What will not change, however, is the affection with which we treat a sport of equal glory and humanity. The pure adoration of the horses that take to the track every day has always been supreme; this shall remain a constant. And the spectacular sportsmanship of such a pure form of competition shall, too, go unchanged.
In many ways, this had all the markings of a year capable of returning horse racing to its increasingly dwindling prominence. As thousands of us gathered at Gulfstream Park for the Florida Derby at the end of March, it became apparent that Big Brown was not merely the finest three-year-old in competition this year – he is, too, the industry’s best chance in decades at a Triple Crown victory. A beautiful athlete capable of making history – this was surely our ticket back into the mainstream. Yet now the word “triumph” is seemingly constantly accompanied by the cliché pairing of “tragedy.” A brilliant athlete overcoming long odds from a disdained starting position – a textbook feel-good tale – is hampered by the story of a filly whose suffering was too great to be continued.
Perhaps the nation will again lend its attention to our fabled sport on May 17, when Big Brown will contend for the Preakness Stakes.
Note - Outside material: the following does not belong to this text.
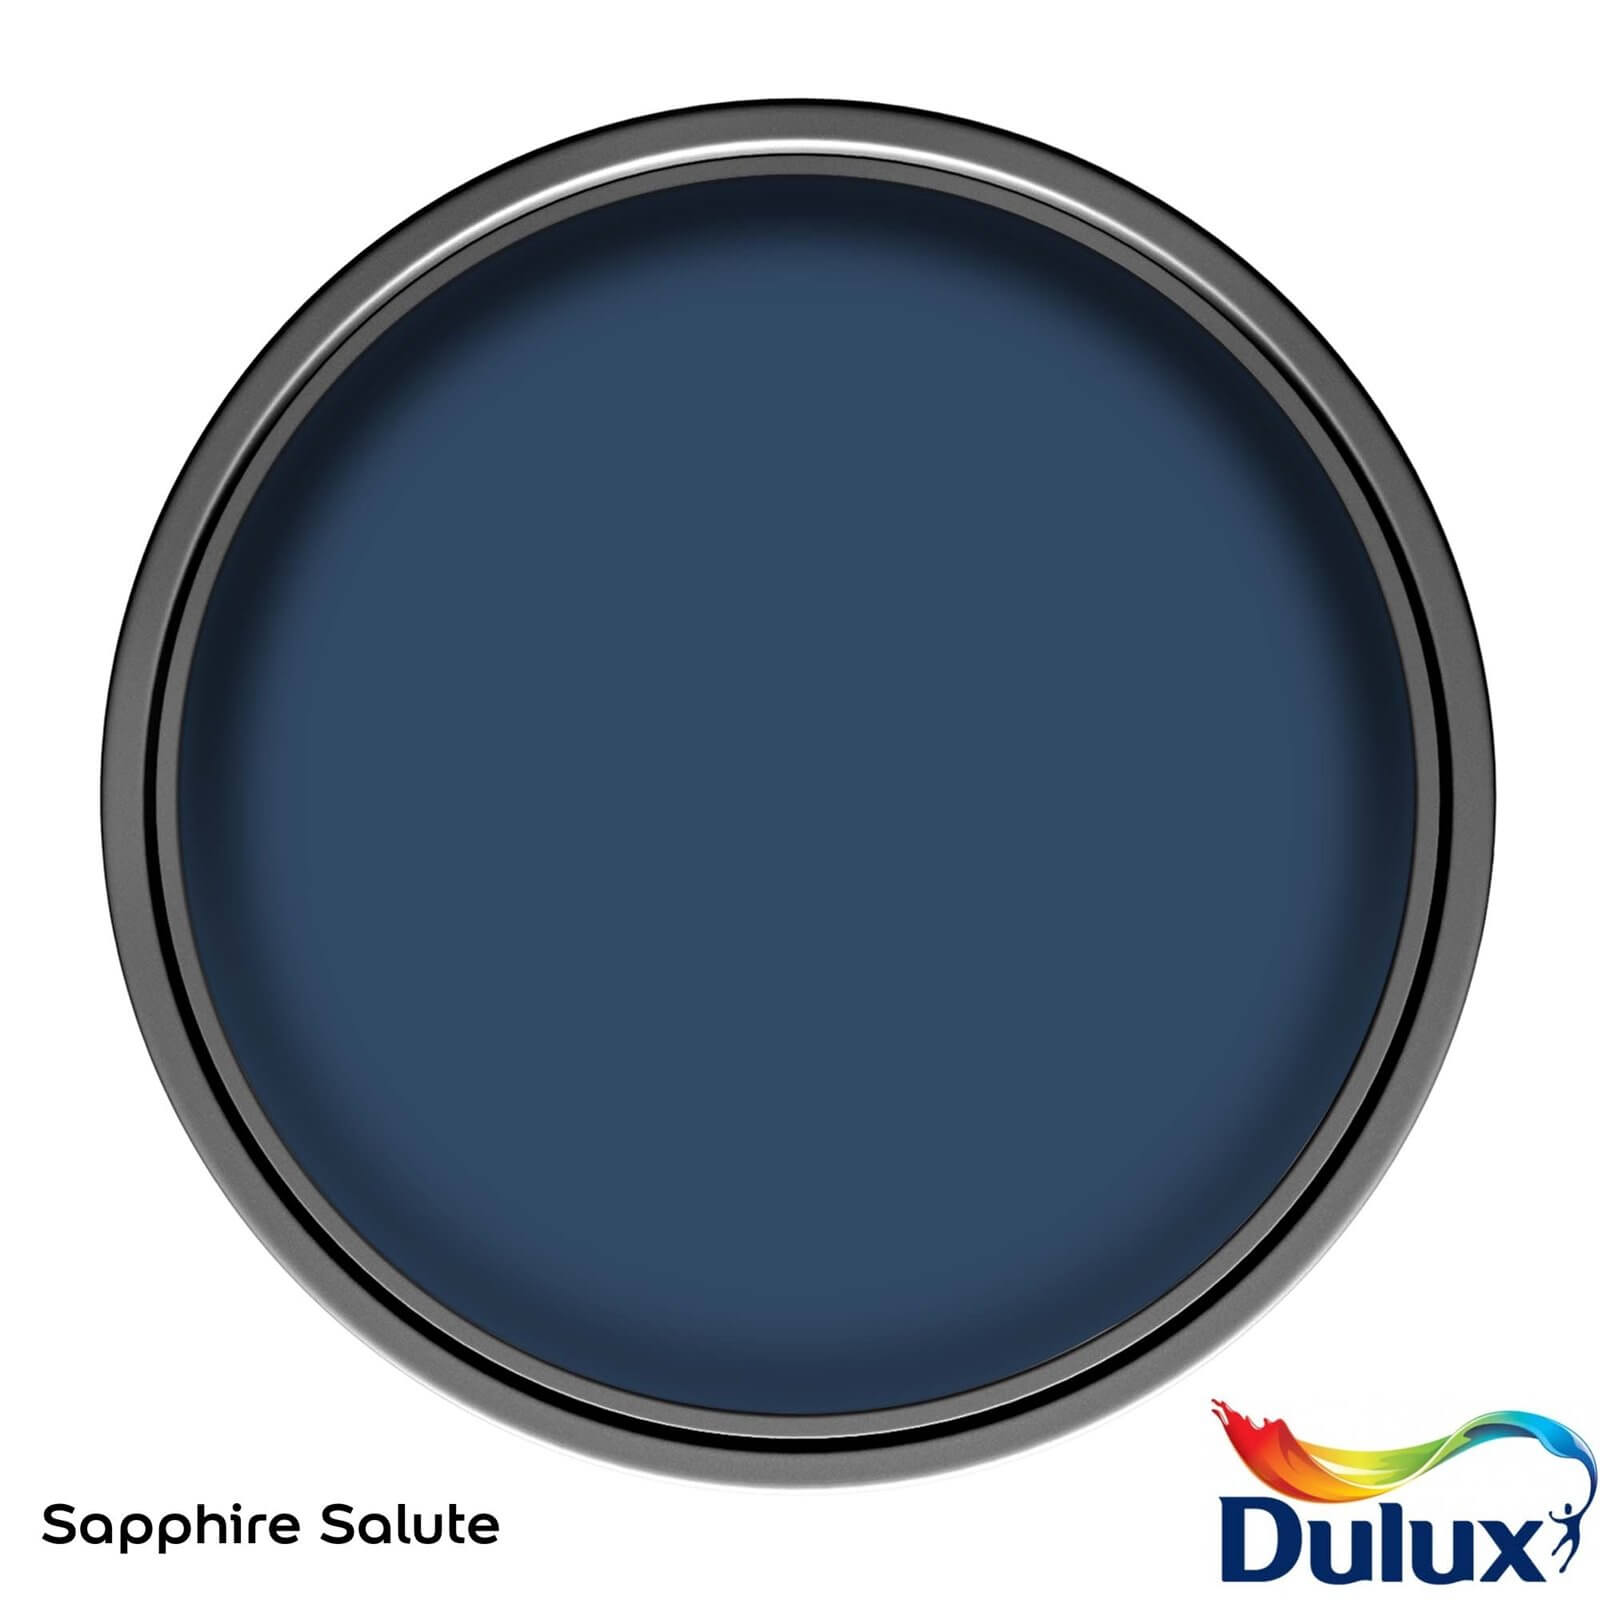 Dulux Easycare Kitchen Sapphire Salute Matt Paint - 2.5L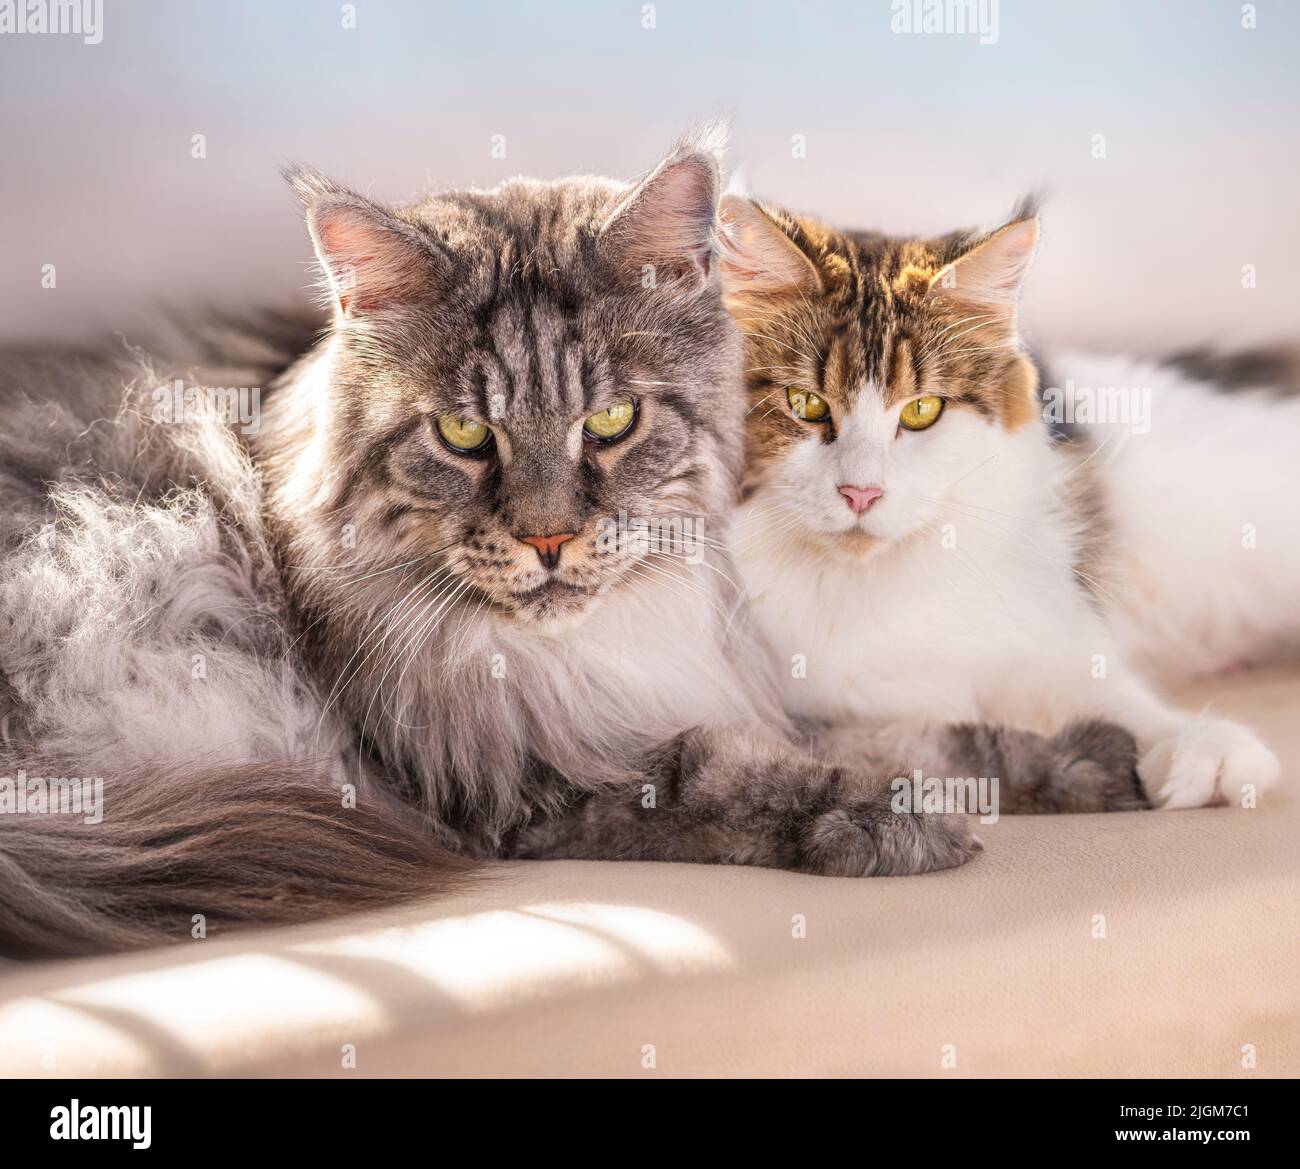 Par de Maine Coon Cat, adulto y femenino, que se encuentran juntos EN EL SOFÁ Foto de stock

A few more might lend their eyes on June 7, when he will likely face the Test of a Champion and make a run for history in New York. But regardless of either race’s outcome, the memory of Eight Belles will loom large – not just for those tuning their television sets elsewhere in protest, but also for those of us who continue to believe in the glory of horse racing.
This may be our darkest hour, but in a sport borne out of mythical athletes, the legend of the Phoenix surely looms large.